Thermodynamic properties of R2Fe14B (R=Dy, Nd) and dysprosium random substitution effect on coercivity in neodymium permanent magnets

Abstract

Neodymium (Nd) magnets (Nd2Fe14B) are key materials for achieving high energy conversion efficiency. The coercive forces (fields) of the magnets are often reinforced by adding dysprosium (Dy), especially at high temperatures. To understand the magnetic properties of Dy-substituted systems (Nd1−xDyx)2Fe14B, it is important to study those of Dy2Fe14B and Nd2Fe14B and analyze the difference in detail from a microscopic viewpoint. Applying a recently developed atomistic model approach, we investigated thermodynamic properties of these magnets. We studied the temperature and field dependences of the magnetizations, and anisotropy fields and energies. We found that the simulation results captured the characteristic features of the experimentally observed data. We discuss the detail with the magnetization profiles of the component atoms.

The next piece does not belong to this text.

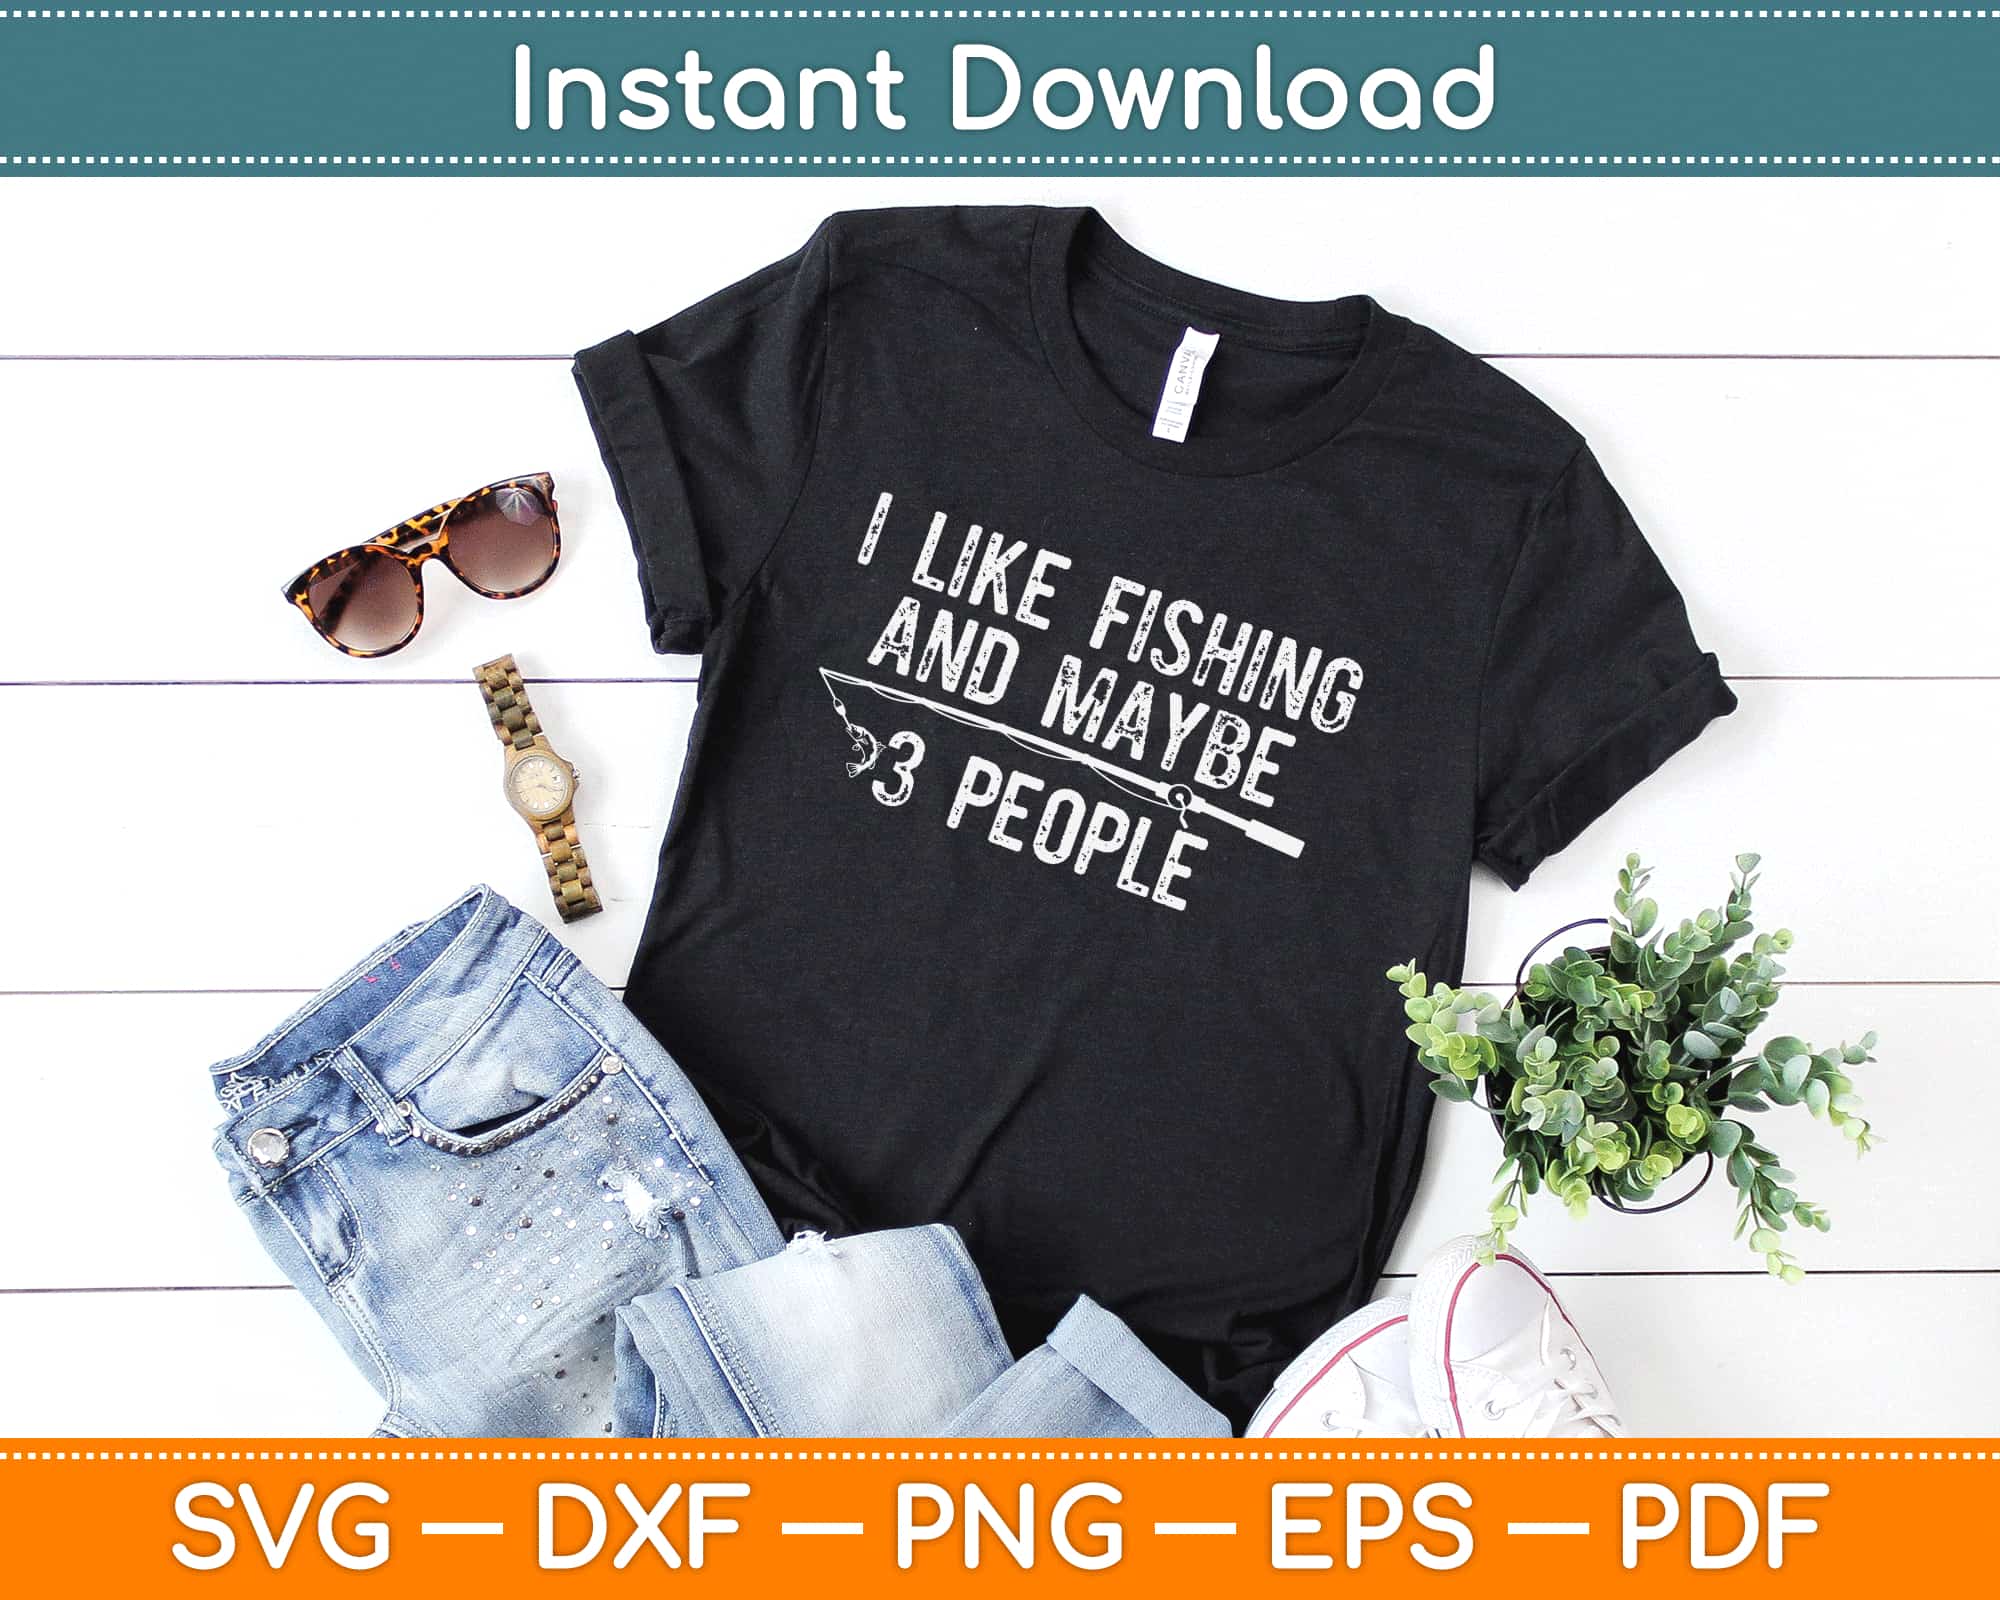 I Like Fishing And Maybe 3 People Svg Digital Download – artprintfile

Furthermore, we investigated the effect of Dy random substitution on the coercivity in two systems: one in contact with vacuum and the other in contact with a grain boundary phase. We found that the threshold fields increased almost linearly with the concentration of Dy atoms in both systems, which was compared to the results of the layer-by-layer substitution effect analyzed in our previous work. We discuss the influence of the arrangement of Dy atoms on coercivity enhancement.